Jean essayait de faufiler son chariot à travers les longues files de clients qui s’agglutinaient devant les caisses du supermarché. En temps normal, il aurait pris plaisir à observer les gens autour de lui…à détailler leur tenue vestimentaire…à observer leur petits gestes…et essayer d’imaginer leur vie. C’était un de ses passe-temps favori. Mais ce n’était pas le jour ! IL grommelait au fond de lui-même tout en jouant des coudes : encore une place de gagnée ; aujourd’hui, chacun pour soi…Annie, son épouse l’avait appelé au bureau à la dernière minute : elle venait de s’apercevoir qu’il lui manquait des choses pour le repas de Noël. Une corvée dont il se serait bien passé !

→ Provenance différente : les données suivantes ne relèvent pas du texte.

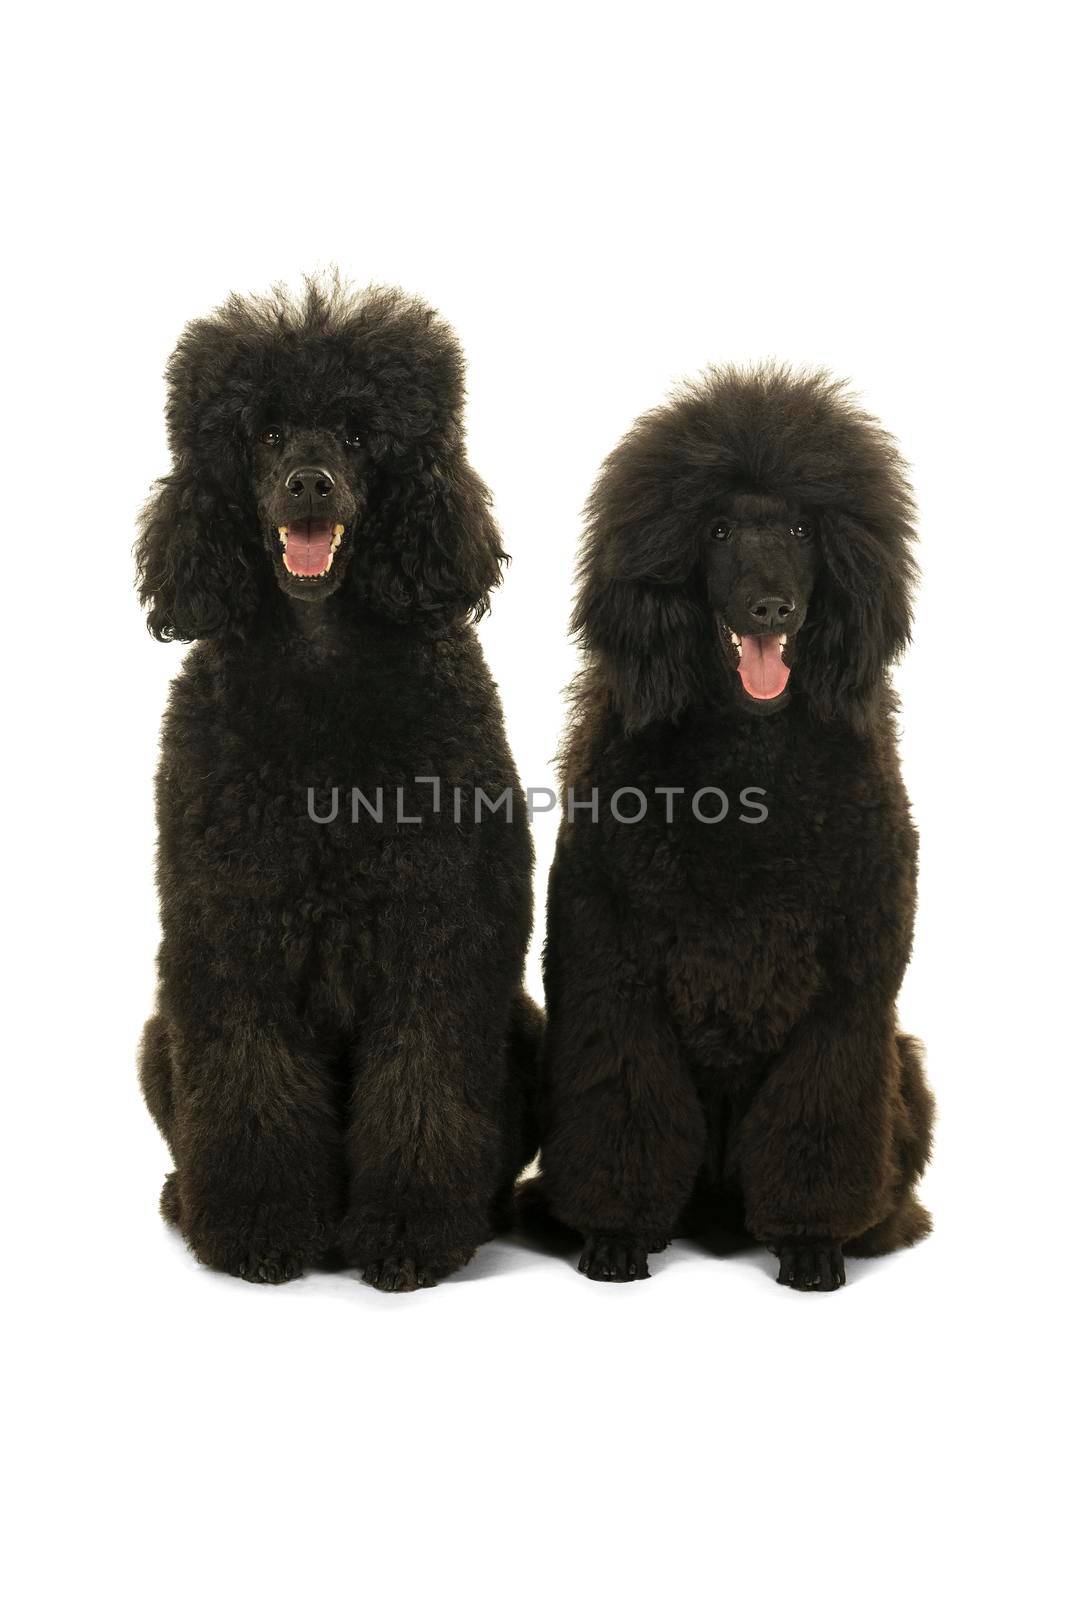 Two black king poodles isolated in white by LeoniekvanderVliet
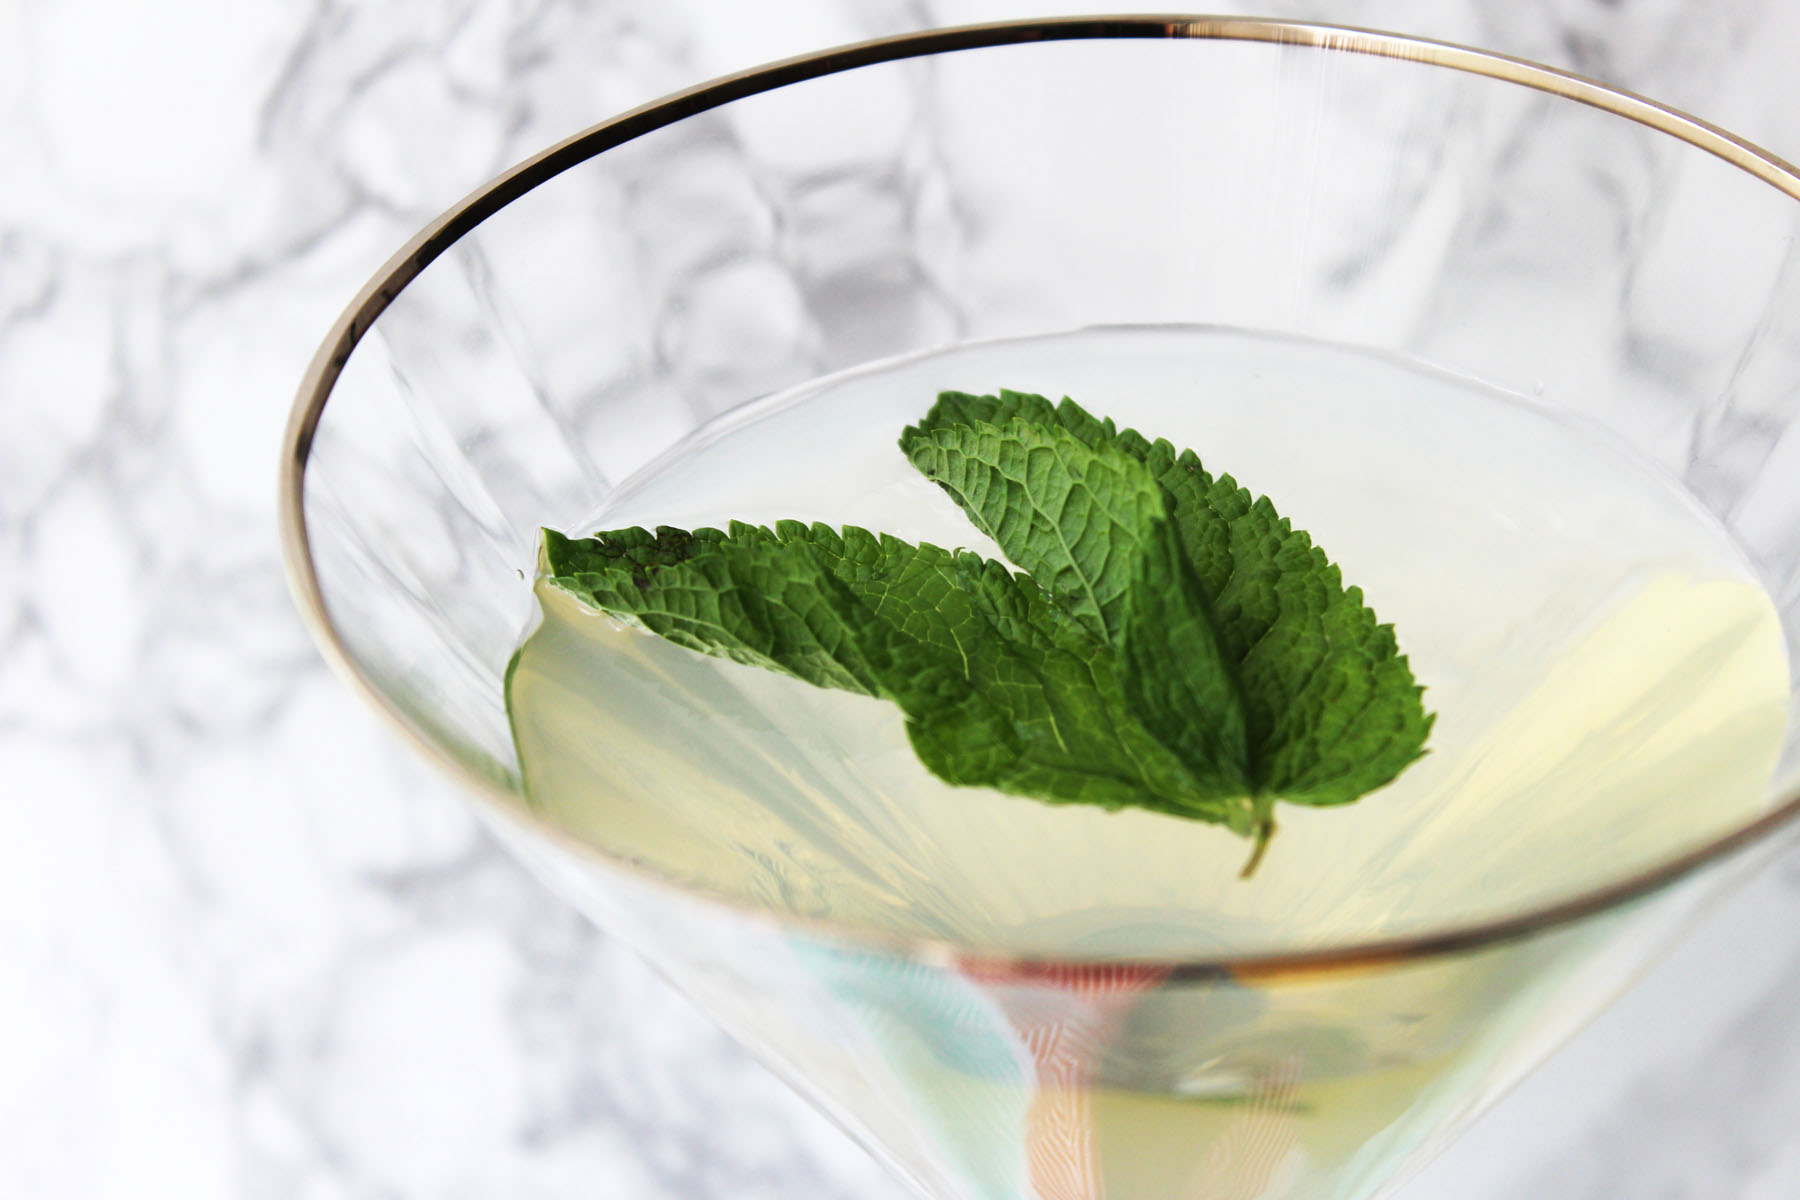 Check out the Soho Martini made with a cucumber mint and citrus fruit soft drink from the Soho Juice Co

Enfin, la sortie. Il poussa son chariot, ralenti par les manœuvres des voitures et évitant les gens qui marchaient tête baissée pour se protéger de la neige qui tombait presque à l’horizontale, poussée par un vent glacé. Quand il quitta le parking, une voix à la radio rappelait que ce soir encore, des gens allaient coucher dehors et mourir de froid…le soir de Noël.
Le froid vif et les flocons de neige qui tournoyaient dans le halo des phares lui rappelèrent les Noëls d’autrefois. Le souvenir des messes de Noël de son enfance avec ses chants lui revint en mémoire. IL essaya de se rappeler la dernière fois où il avait assisté, mais c’était il y a trop longtemps… croyait il encore dans la naissance de Jésus ? autrefois, oui, mais maintenant ? mal à l’aise, il refoula cette pensée. Elle revint pourtant, lancinante. Il réfléchit sur sa vie : que lui manquait ‘il ? il avait une femme aimante, une fille en bonne santé, un travail agréable et rémunérateur, des amis fidèles, une belle maison avec piscine, une grosse berline, alors, « what else » ?… Et pourtant, il ressentait parfois en lui comme un manque, un vide à combler…comme ce soir.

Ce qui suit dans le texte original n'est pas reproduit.